**Goal of the exercise**
Transcribe only the lines in the data below falling between the line with "Nike Dri-FIT Shorts in Cool Grey" and the line with "[T-CUT] HYERI Photoshoot Behind", including those two lines, and leave out any picture.
Given records START
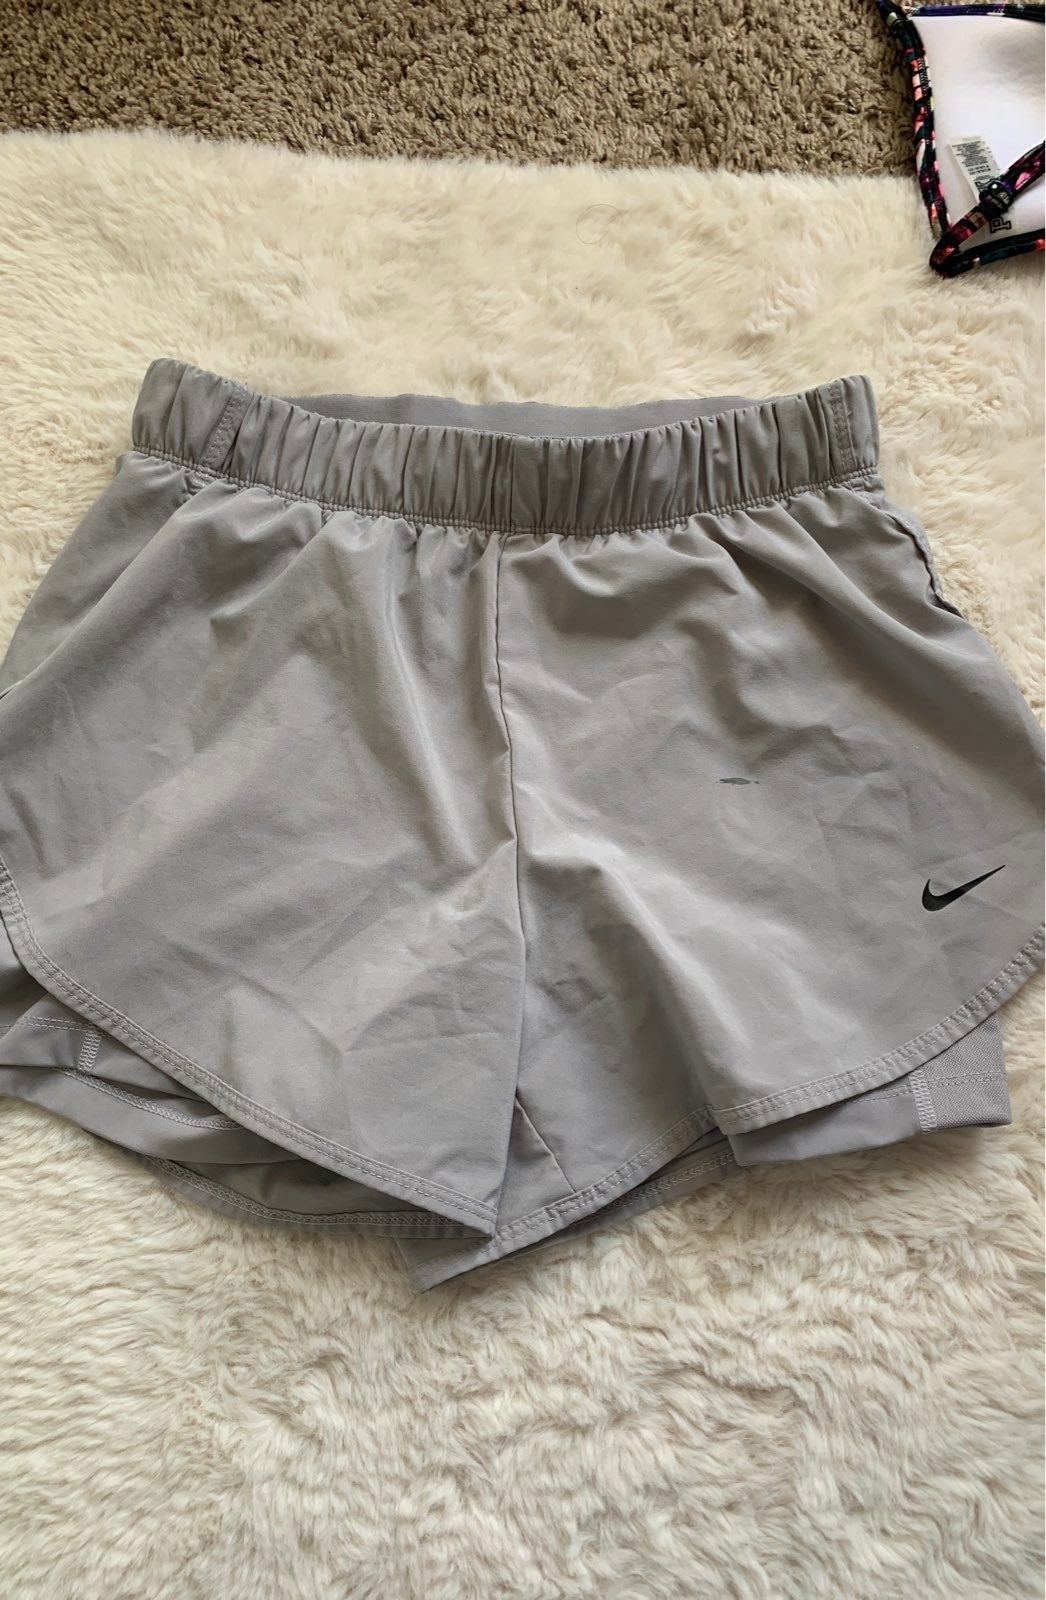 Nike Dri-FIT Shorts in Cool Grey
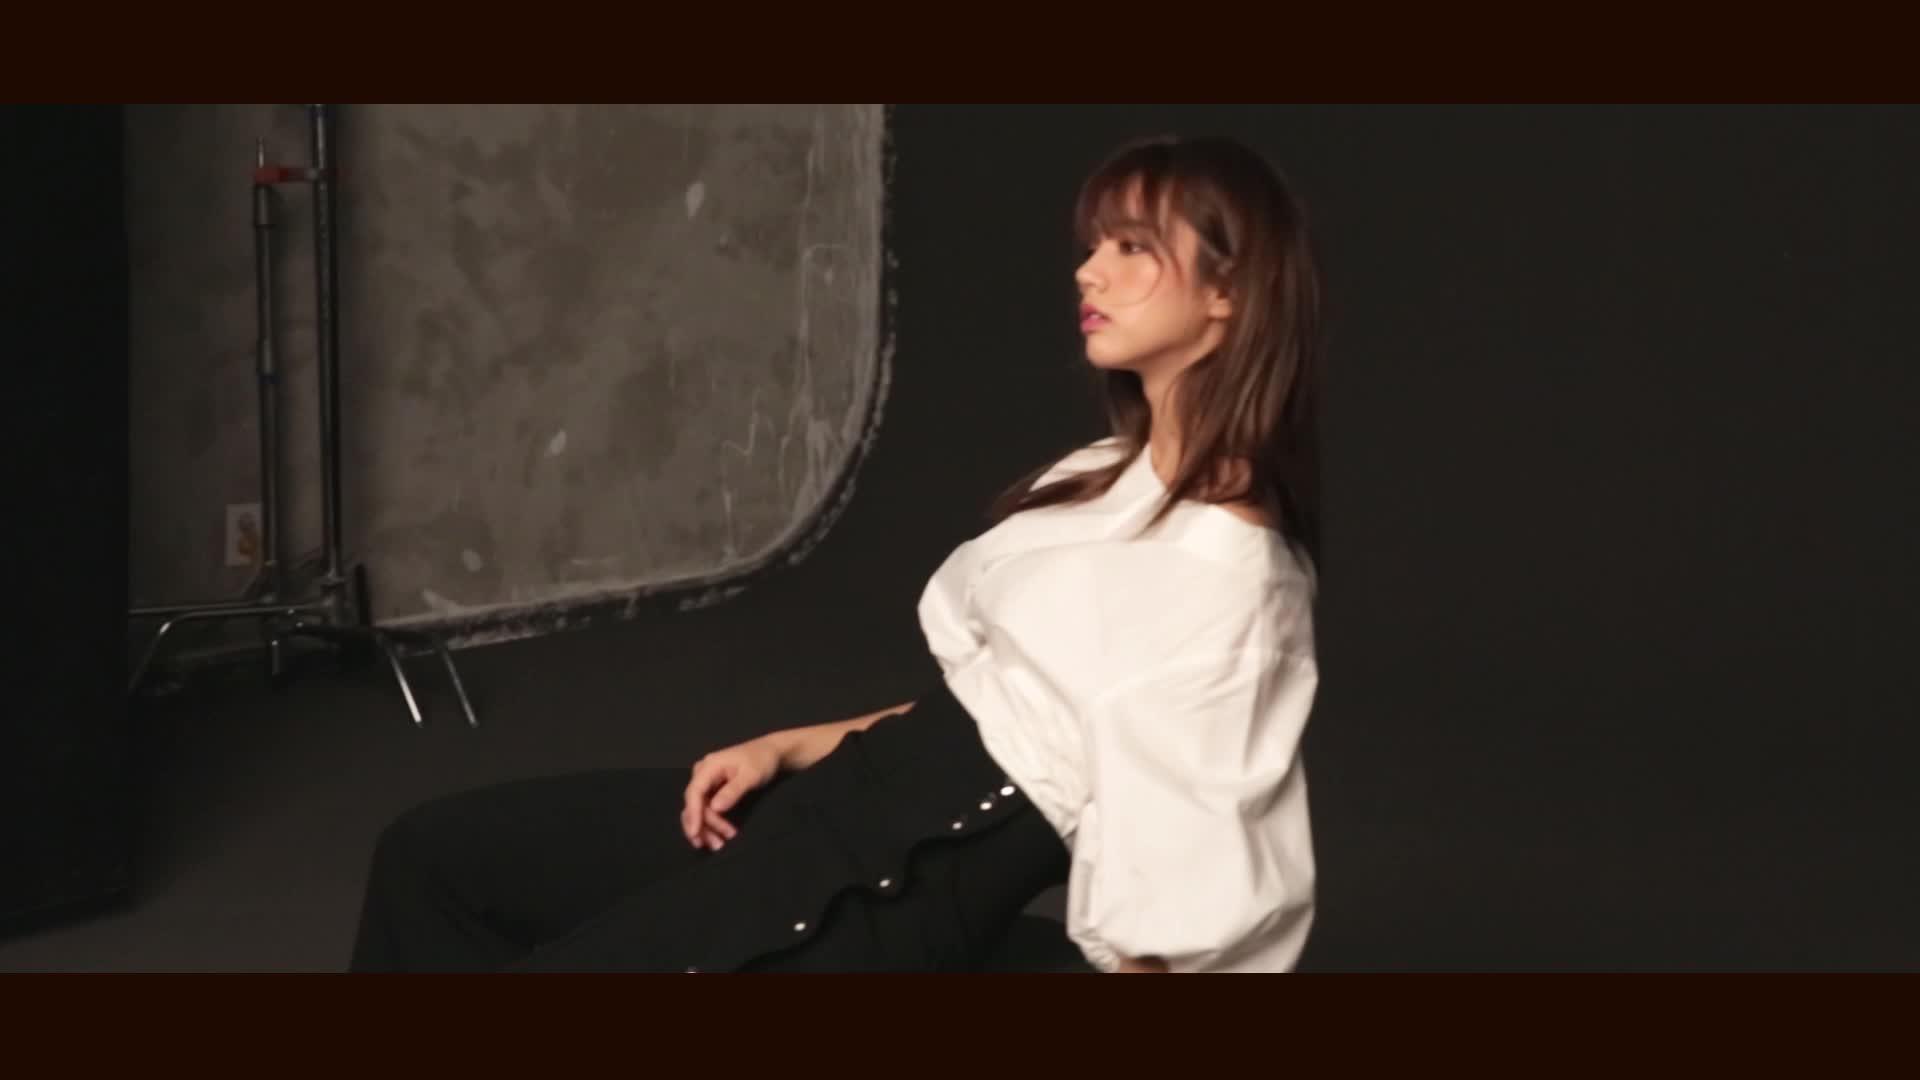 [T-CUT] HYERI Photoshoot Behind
Given records END
Given records START
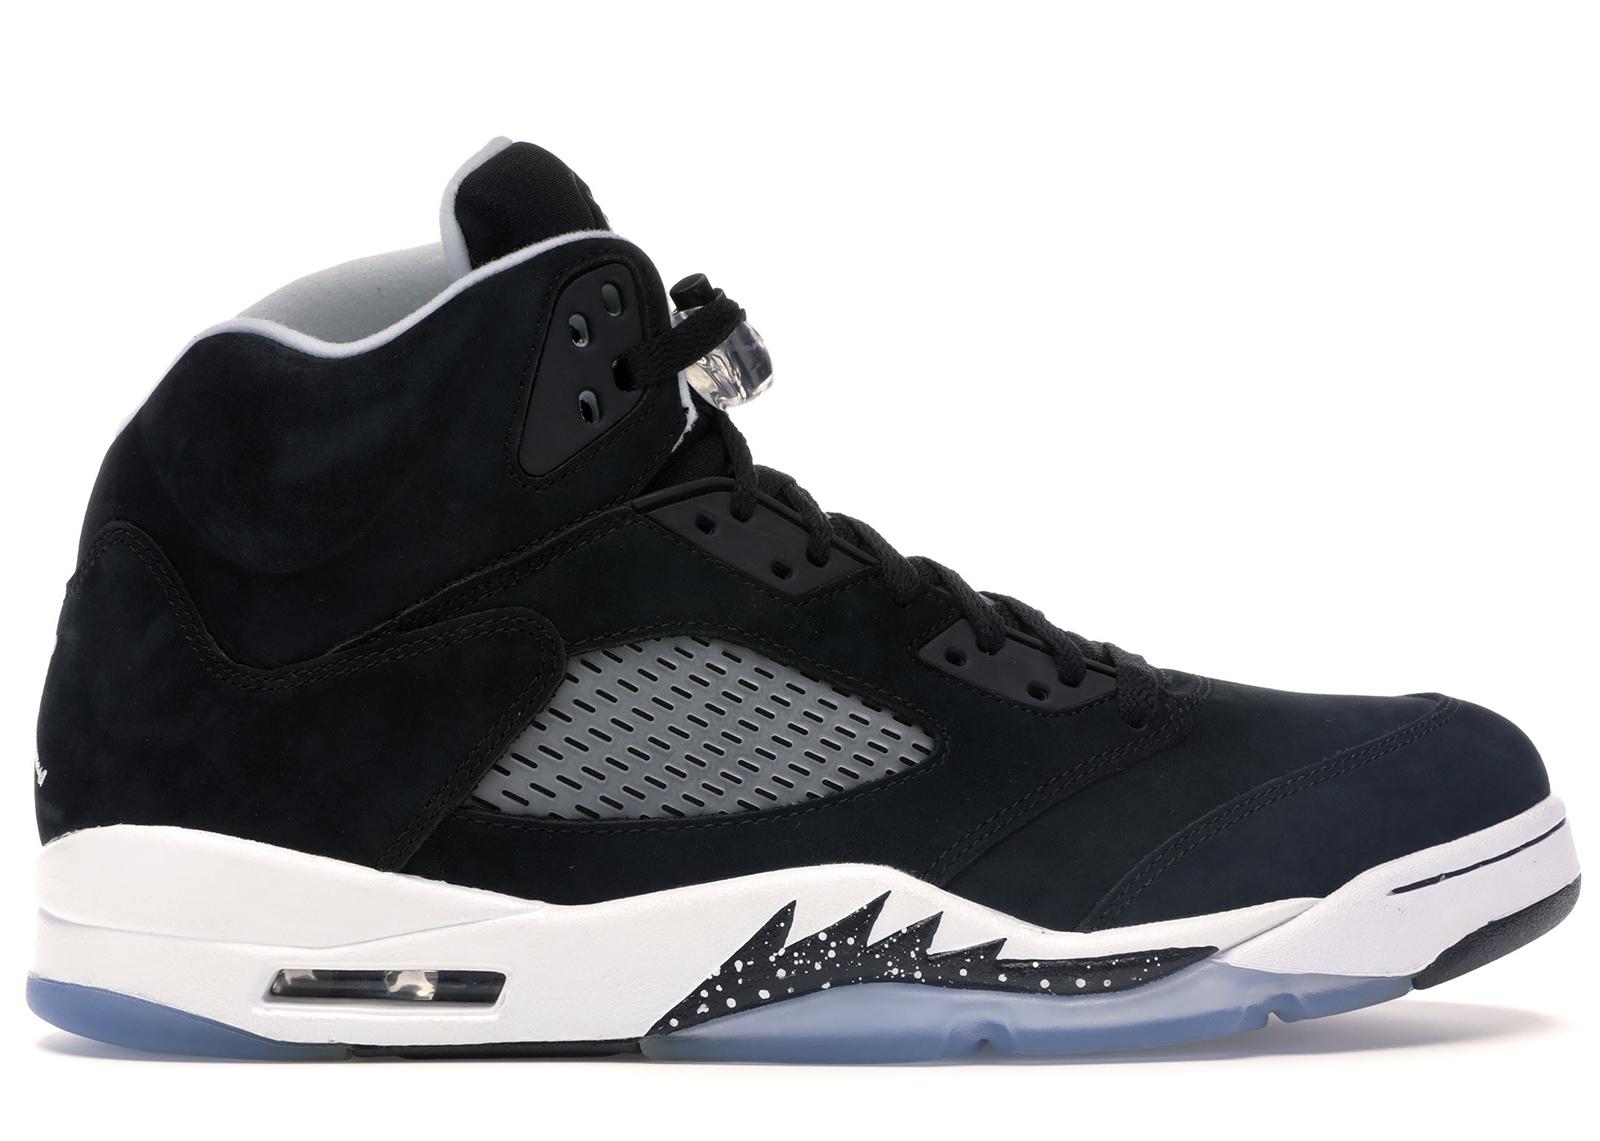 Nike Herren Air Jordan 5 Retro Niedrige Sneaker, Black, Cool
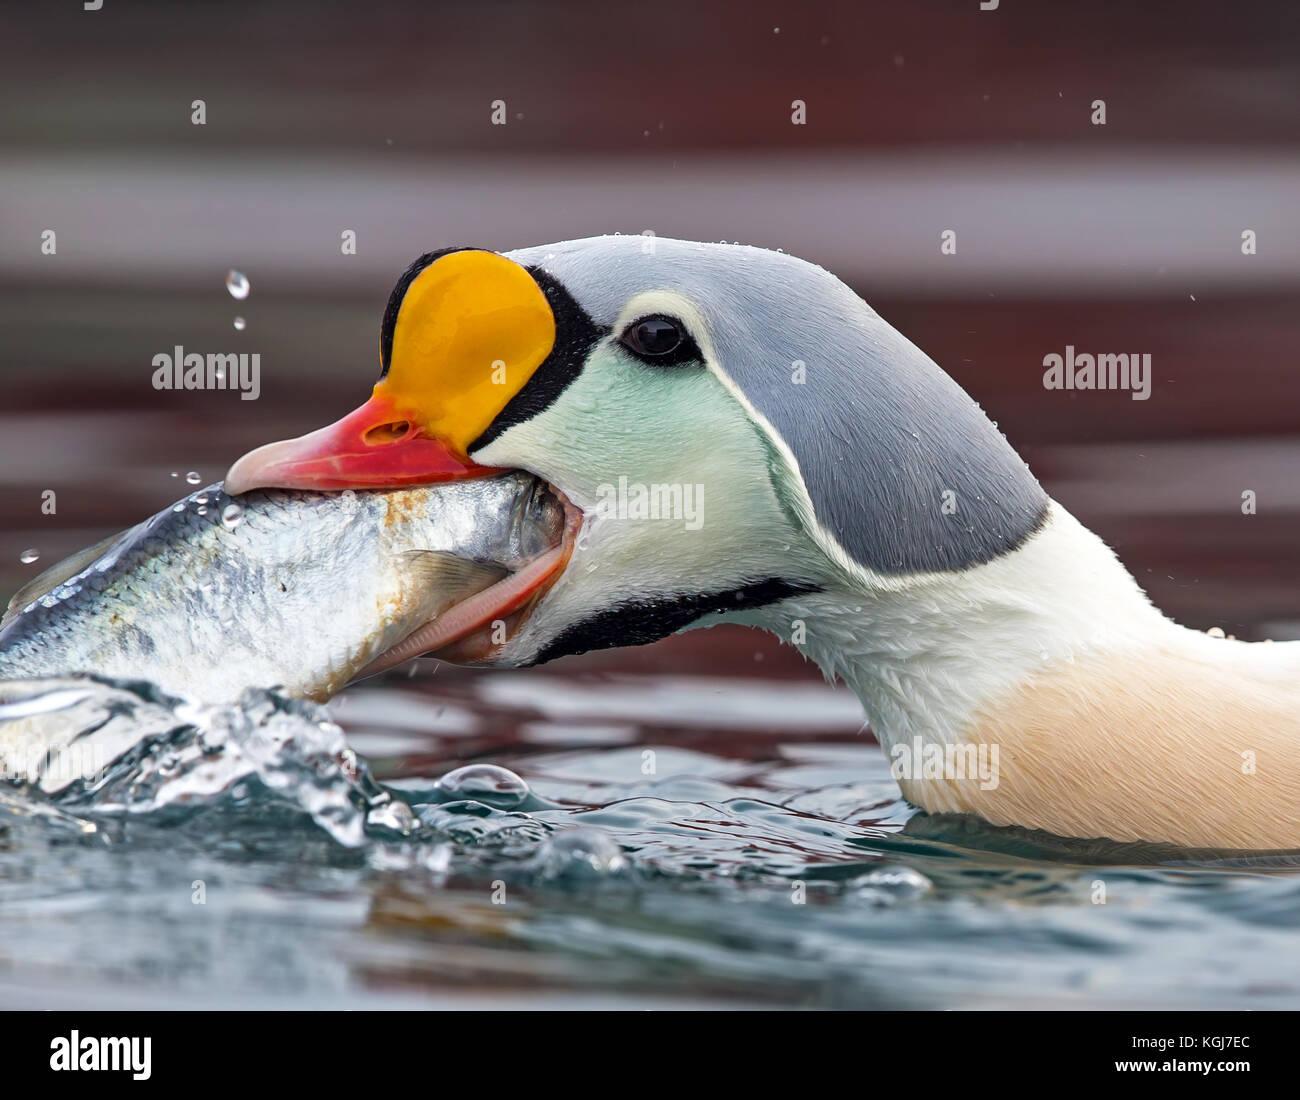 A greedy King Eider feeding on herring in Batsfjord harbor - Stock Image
Given records END
**Output below**
 Nike Dri-FIT Shorts in Cool Grey
 [T-CUT] HYERI Photoshoot Behind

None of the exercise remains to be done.